Starting at the line below with "7100158345 - 3M" and stopping at the line with "Boss BIC-P10A Premium", please print each line exactly, those two included, and skip every picture.
[SOURCE RECORDS — start]
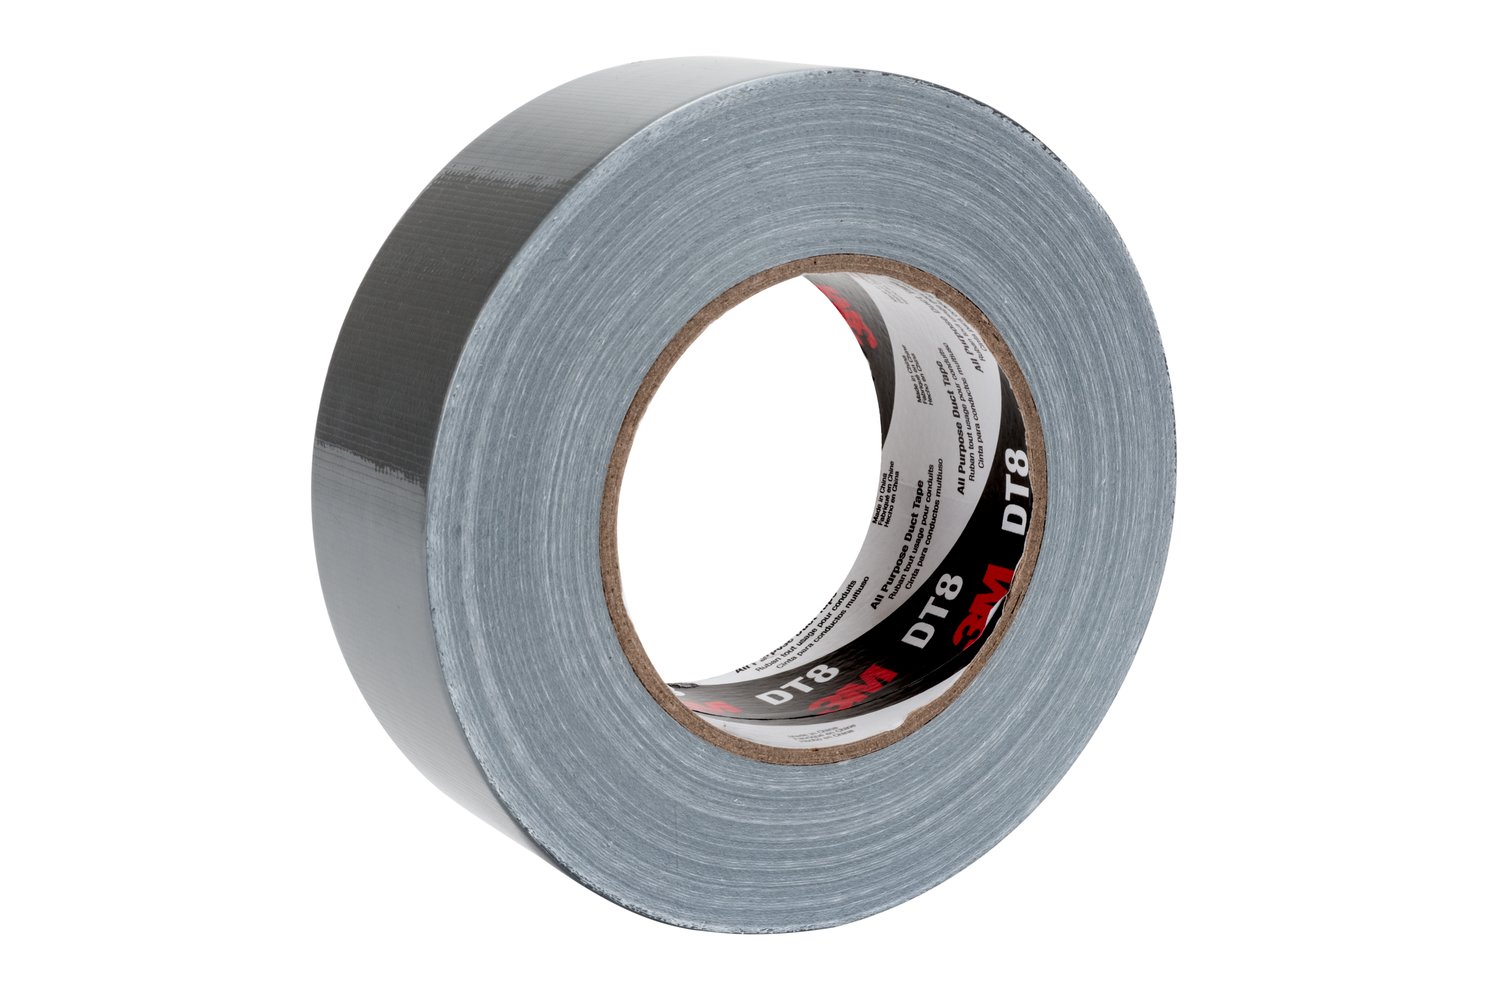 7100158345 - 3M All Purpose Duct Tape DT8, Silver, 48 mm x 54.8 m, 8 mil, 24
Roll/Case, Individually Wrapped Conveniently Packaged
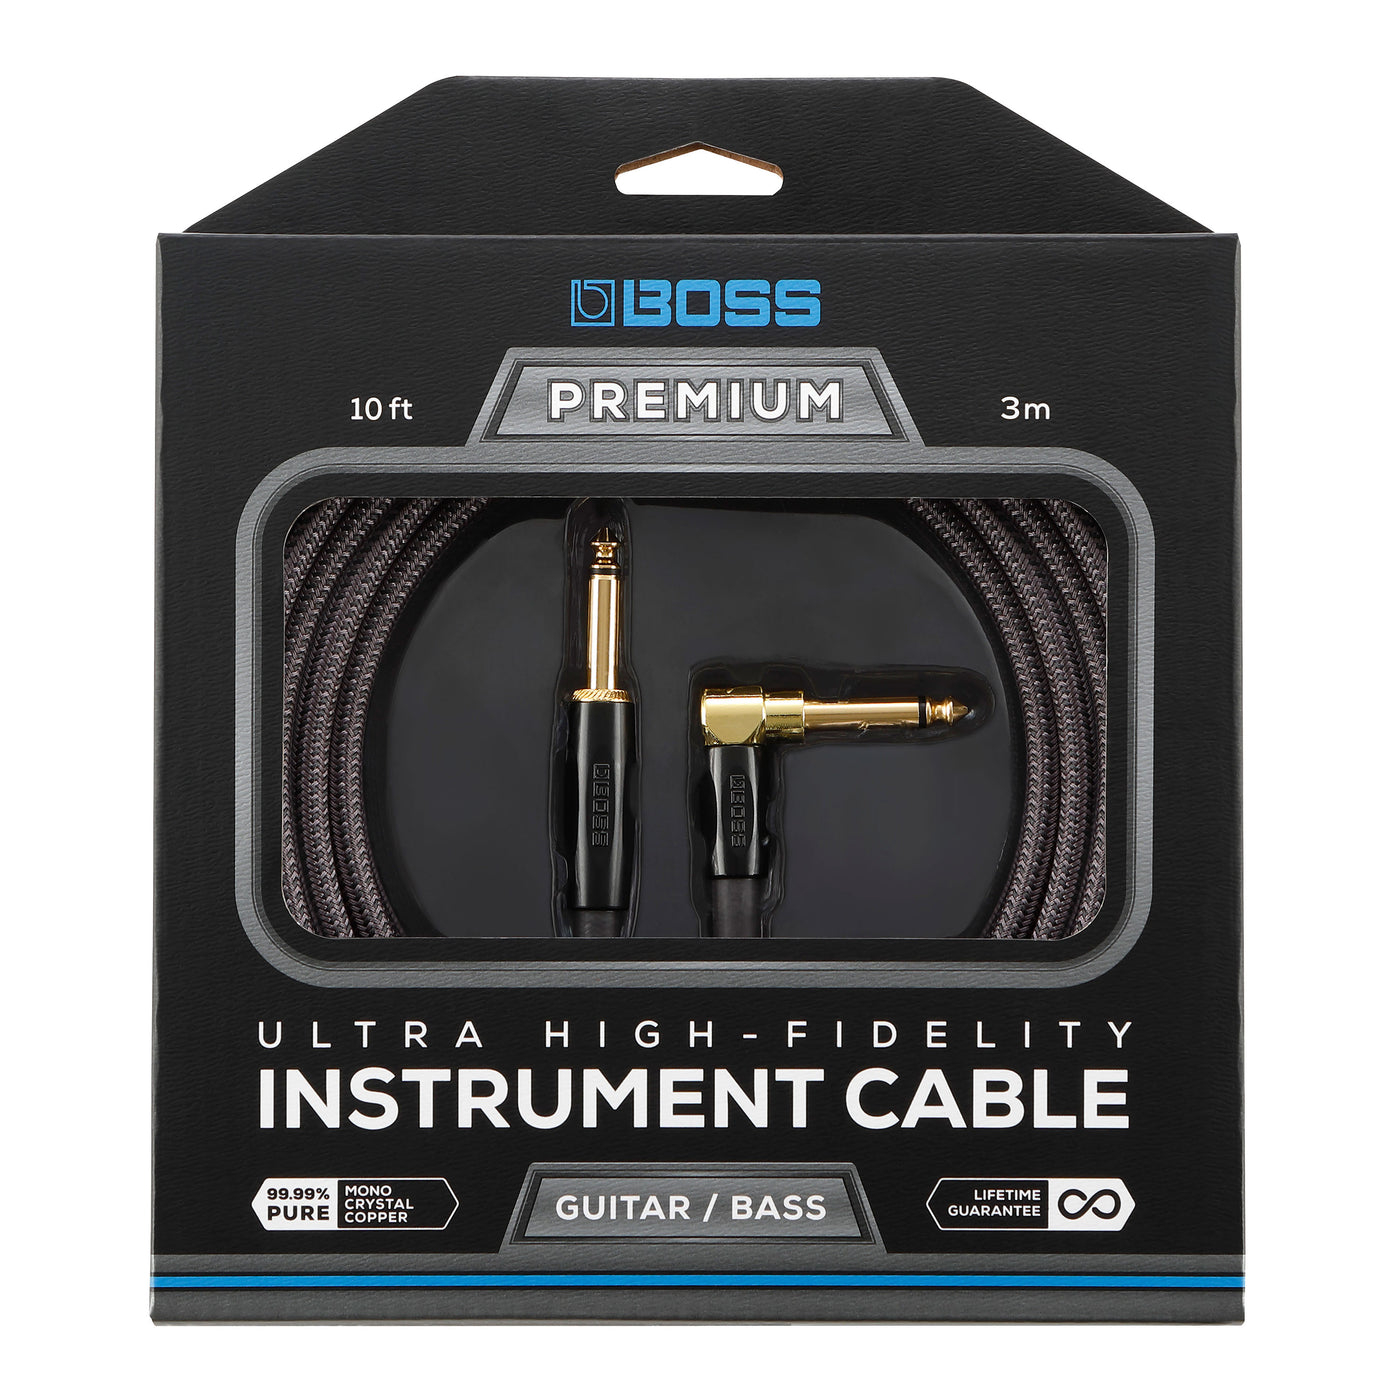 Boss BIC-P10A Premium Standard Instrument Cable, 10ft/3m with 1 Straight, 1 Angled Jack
[SOURCE RECORDS — finish]
[SOURCE RECORDS — start]
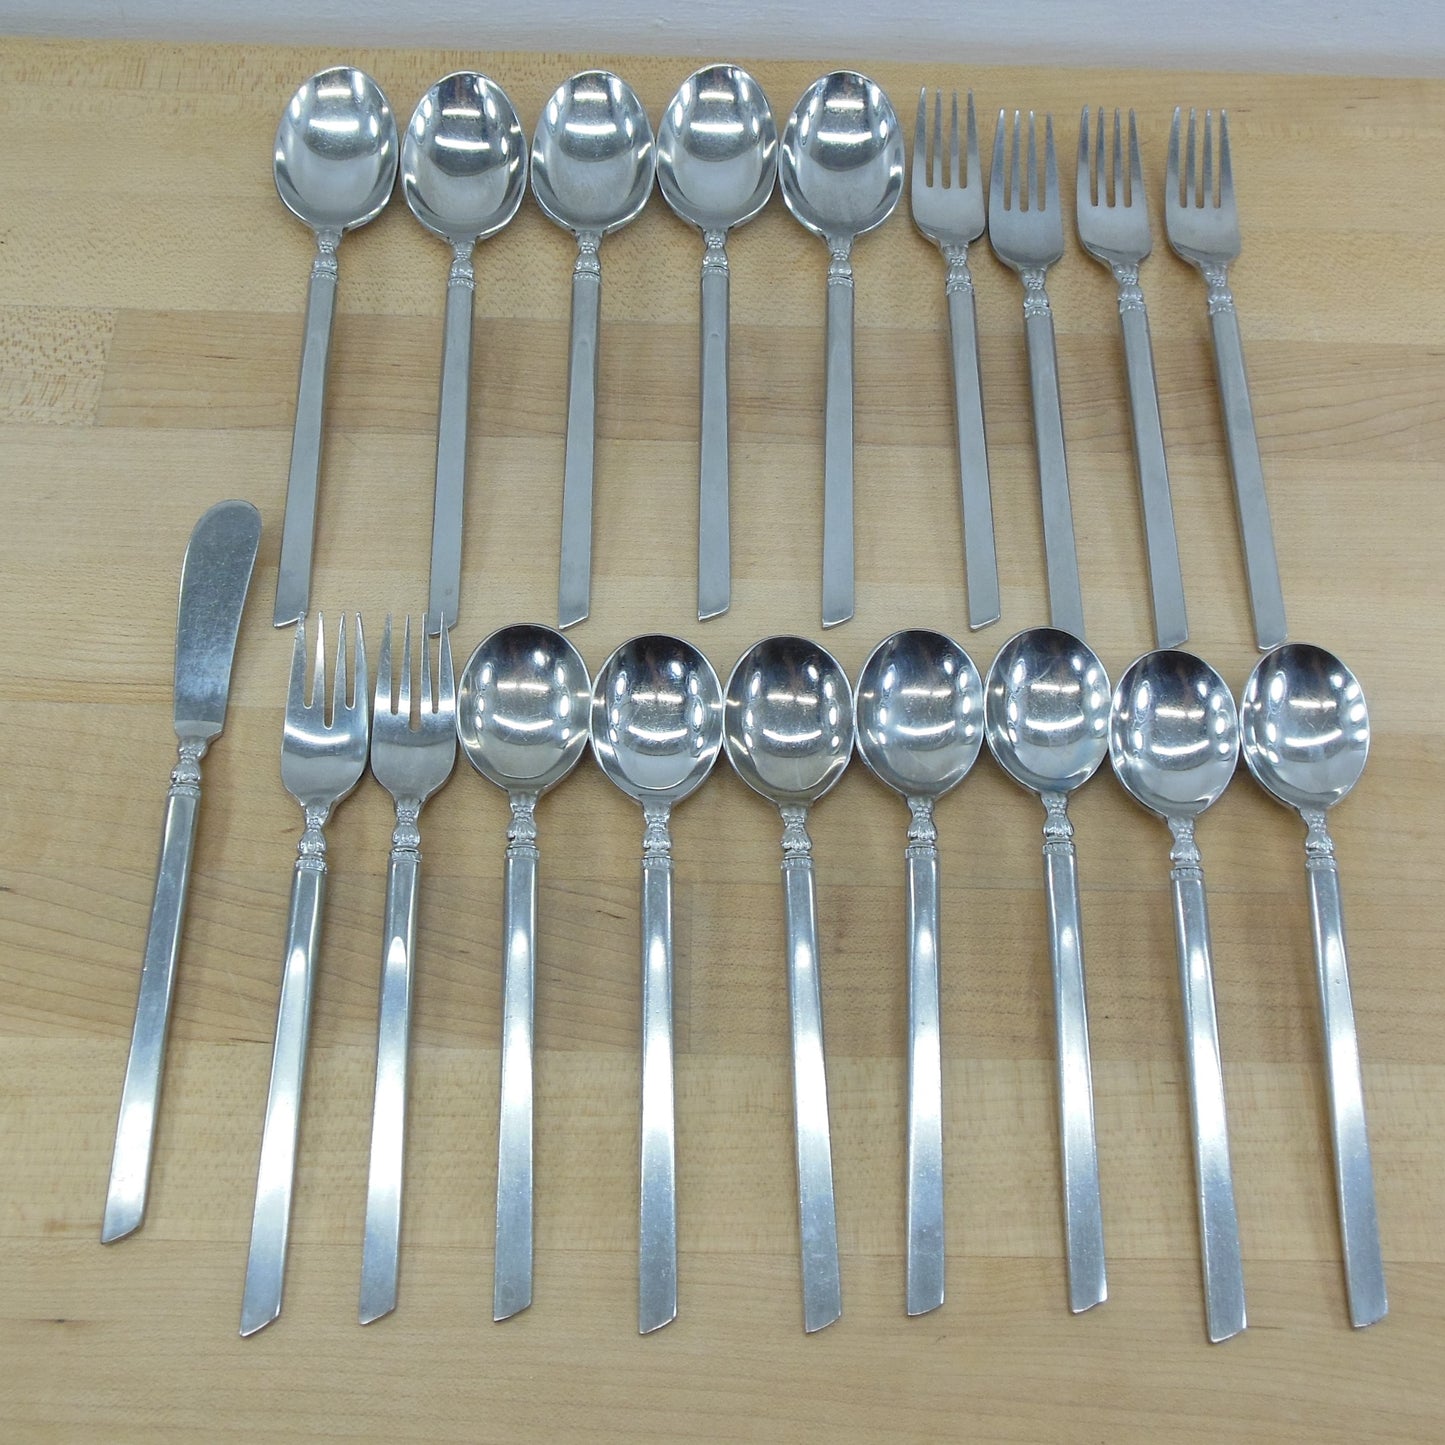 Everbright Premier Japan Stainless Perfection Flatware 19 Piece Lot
[SOURCE RECORDS — finish]
▶ [RESPONSE]
 7100158345 - 3M All Purpose Duct Tape DT8, Silver, 48 mm x 54.8 m, 8 mil, 24
Roll/Case, Individually Wrapped Conveniently Packaged
 Boss BIC-P10A Premium Standard Instrument Cable, 10ft/3m with 1 Straight, 1 Angled Jack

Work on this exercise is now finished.